SimpleDB is one of the core Amazon Web Services, which include Amazon Simple Storage Service (S3) and Amazon Elastic Compute Cloud (EC2). Amazon SimpleDB stores your structured data as key-value pairs in the Amazon Web Services (AWS) cloud and lets you run real-time queries against this data. You can scale it easily in response to increased load from your successful applications without the need for a costly cluster database server complex.
SimpleDB, as illustrated in the following diagram, is designed to be used either as an independent data storage component in your applications or in conjunction with some of the other services from Amazon's stable of Cloud Services, such as Amazon S3 and Amazon EC2.
The biggest challenge in SimpleDB is learning to think in its unique metaphor. Like speaking a new language, you need to stop translating and start thinking in that language. Rather than thinking of SimpleDB as a database, approach it as a spreadsheet with some XML characteristics.

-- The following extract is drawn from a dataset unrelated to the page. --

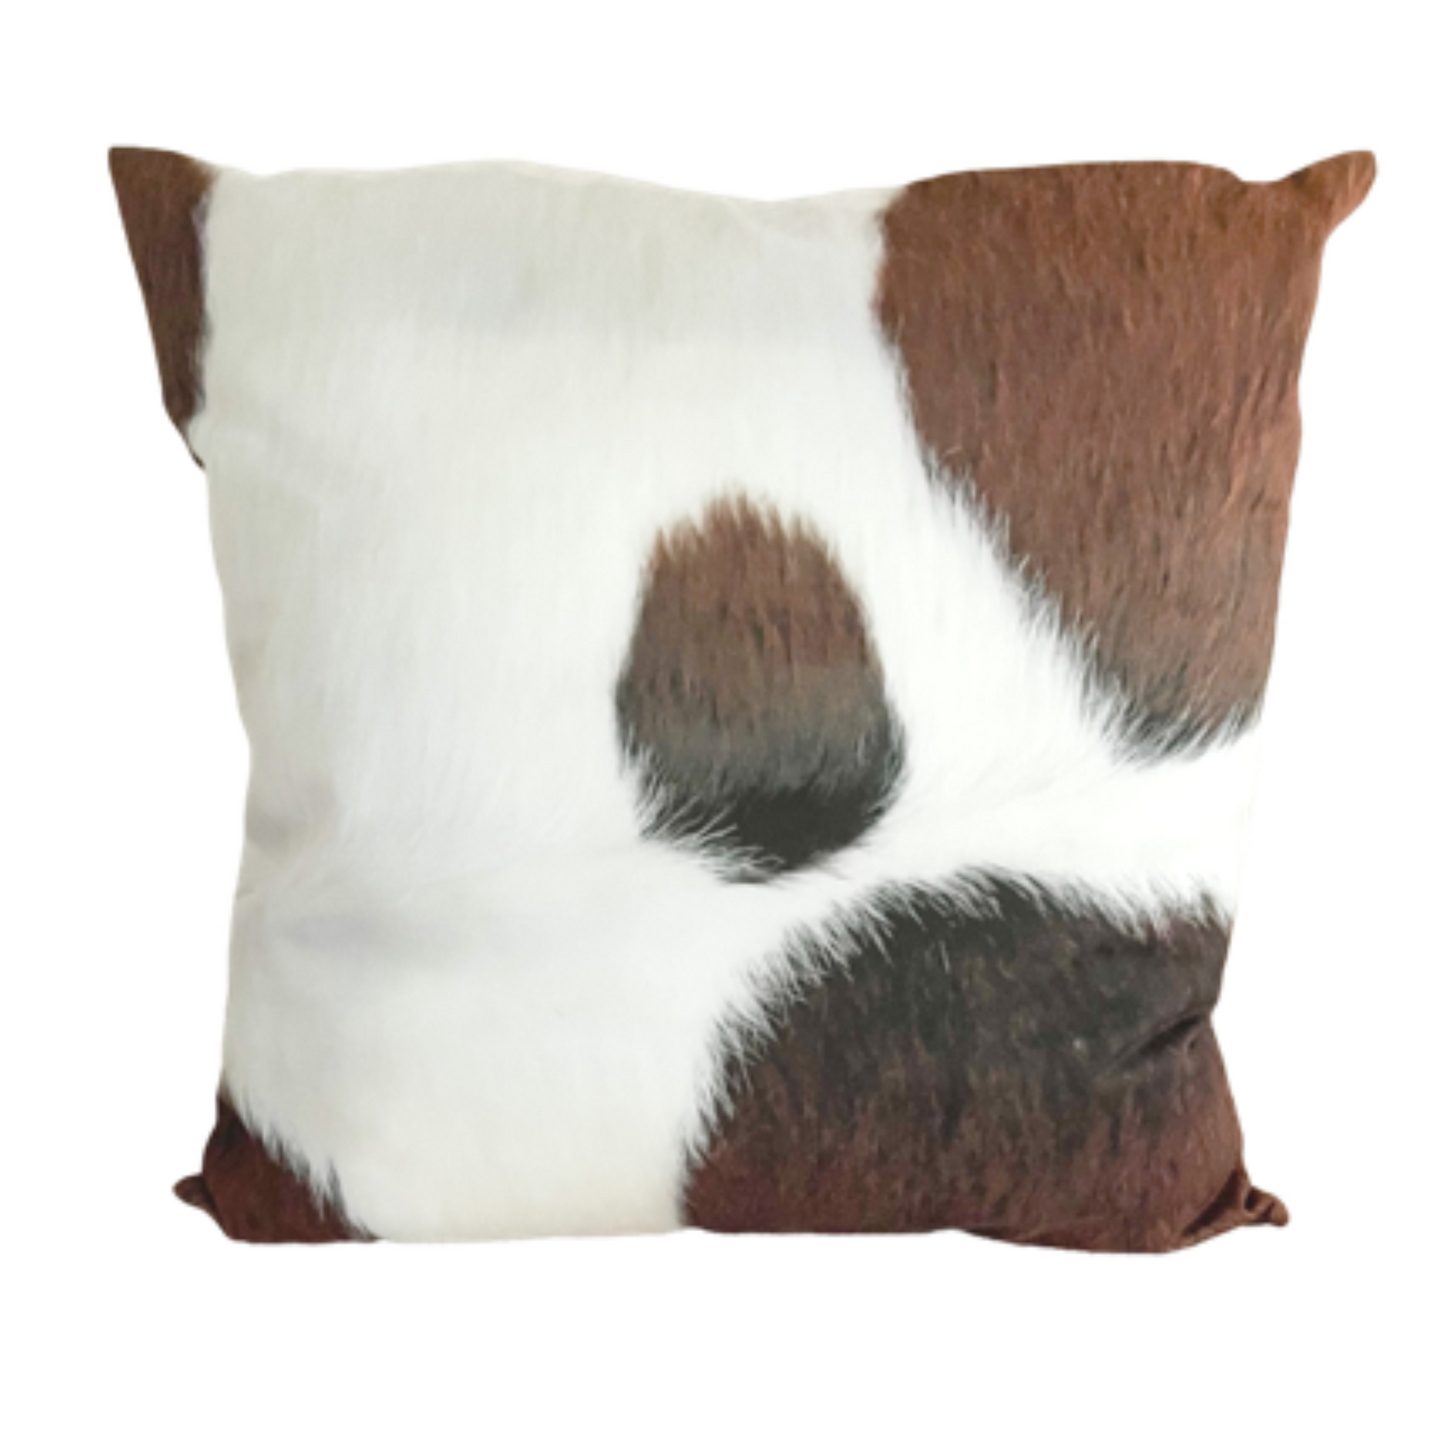 Faux Cowhide Pillow Cover, Cow Print Pillow, Circle Spot Cow Print Pillow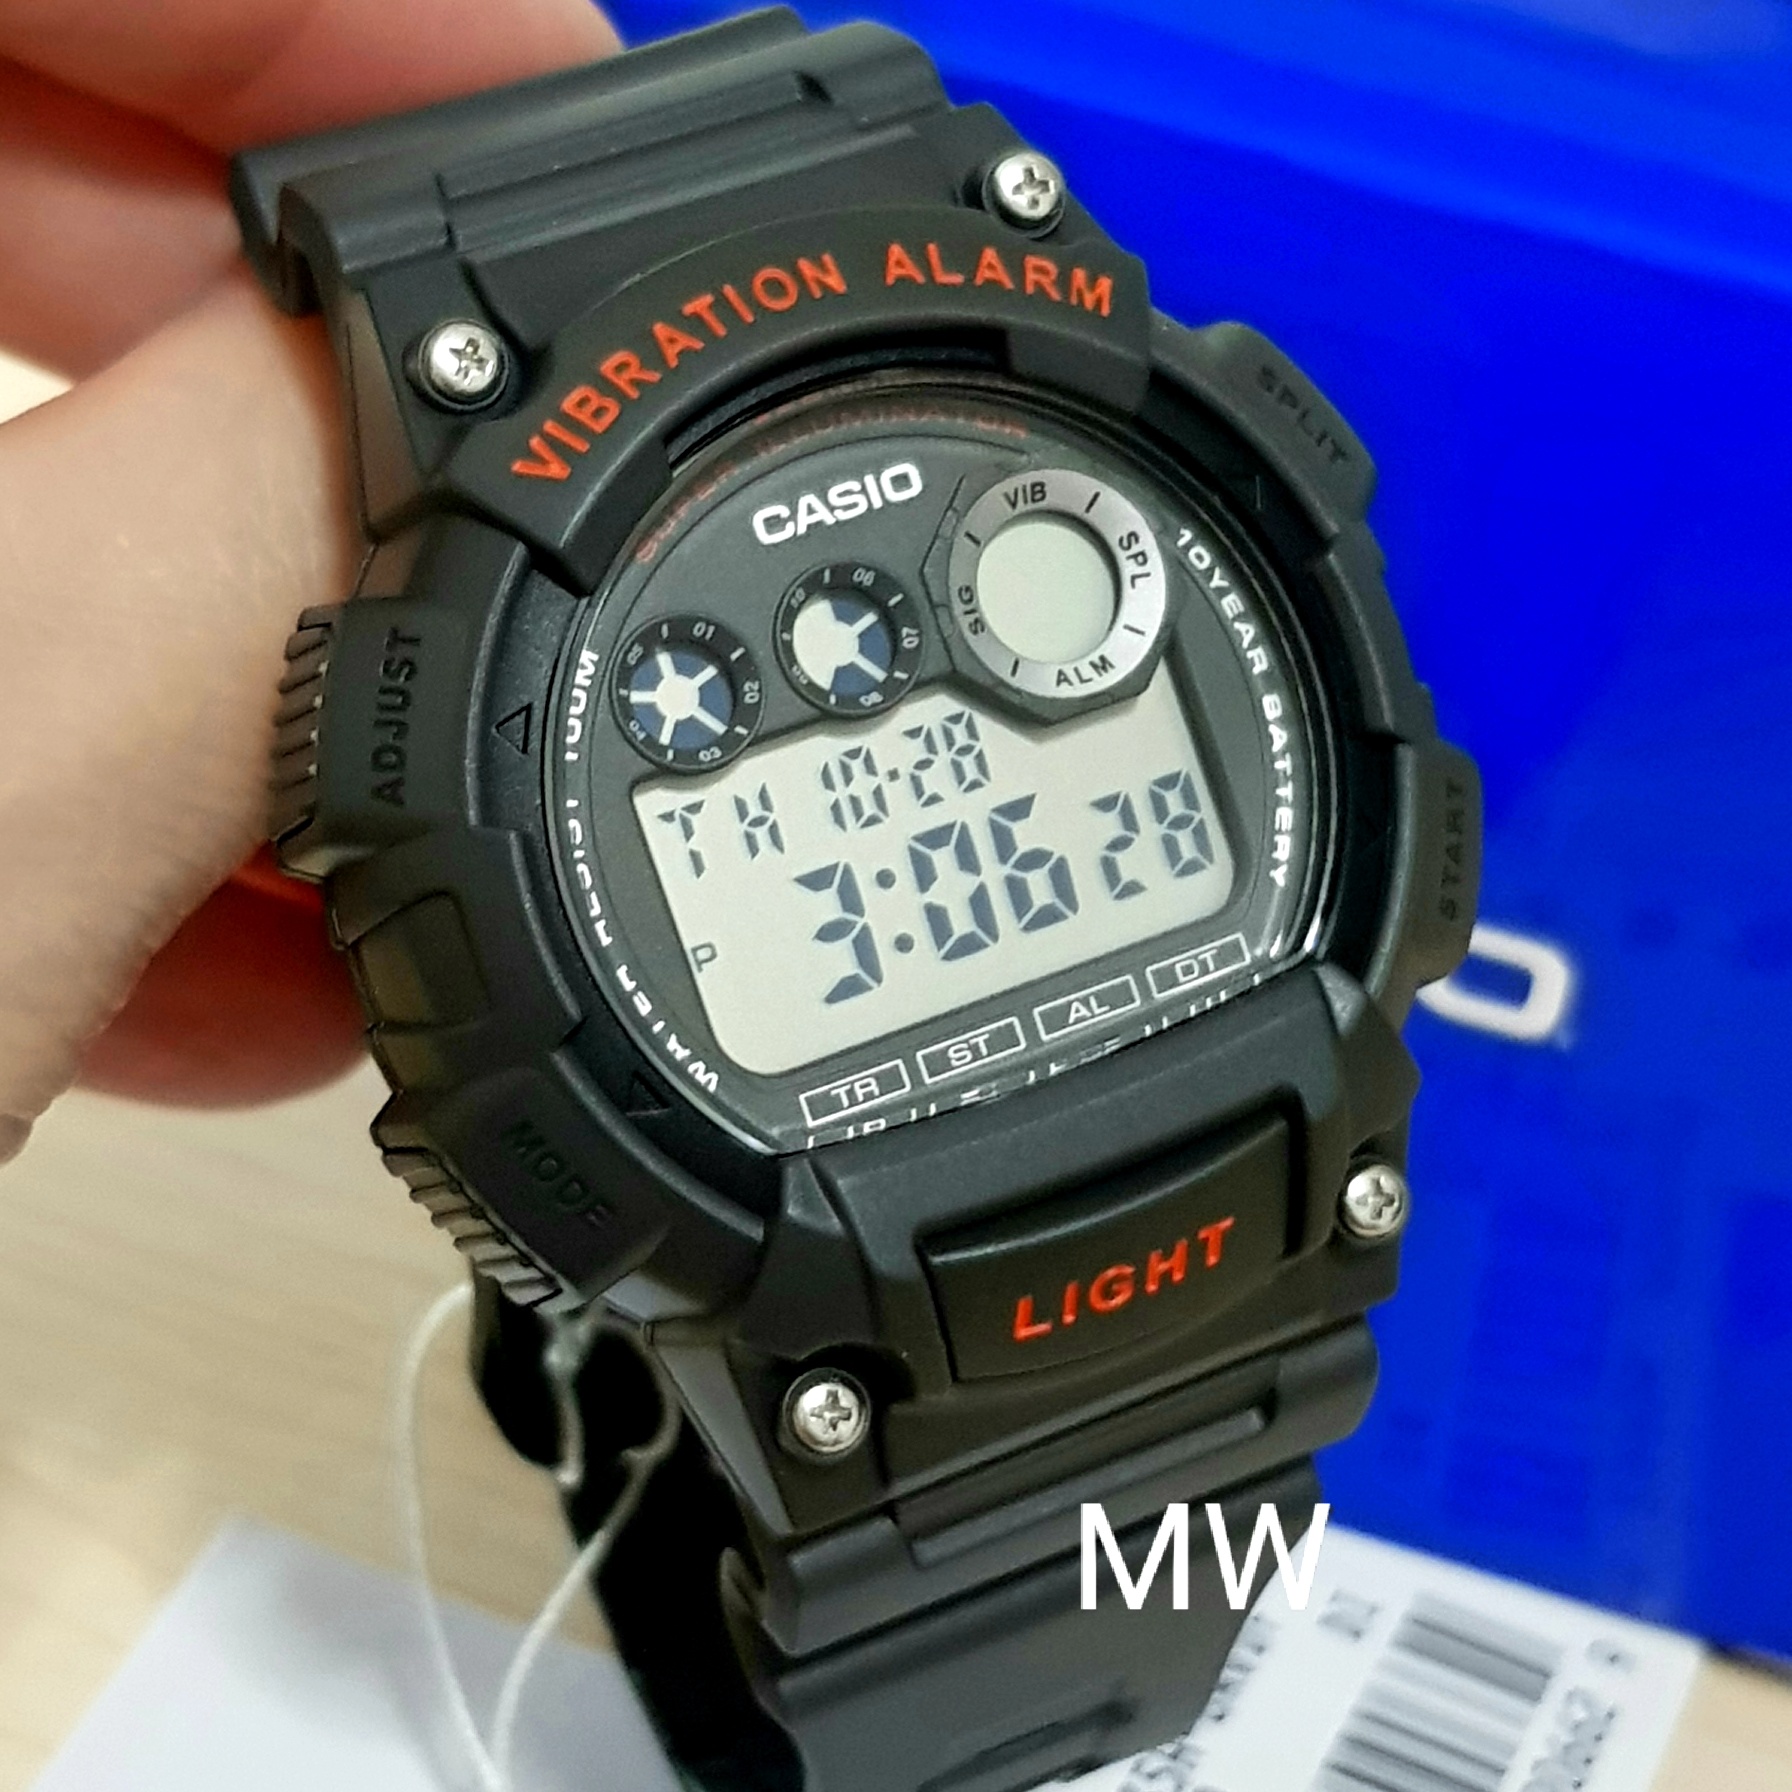 digital watch with vibration alarm

SimpleDB functionality can be accessed from almost any programming language (such as Python, Ruby, Java, PHP, Erlang, and Perl) using super simple HTTP-based requests. You can get started anytime you like, and you pay for it based on how much you use it. It is very different from a relational database, and takes a completely different approach toward storing and querying data. It follows the convention of eventual consistency. Think of it as a single master database for updates and a large collection of read database slaves. Any changes made to your data will need to be propagated across all the different copies. This can sometimes take a few seconds depending upon the system load at that time and network latency, which means that a consumer of your domain and data may not see the changes immediately. The changes will eventually be propagated throughout SimpleDB, but this is an important consideration you need to think about when designing your application.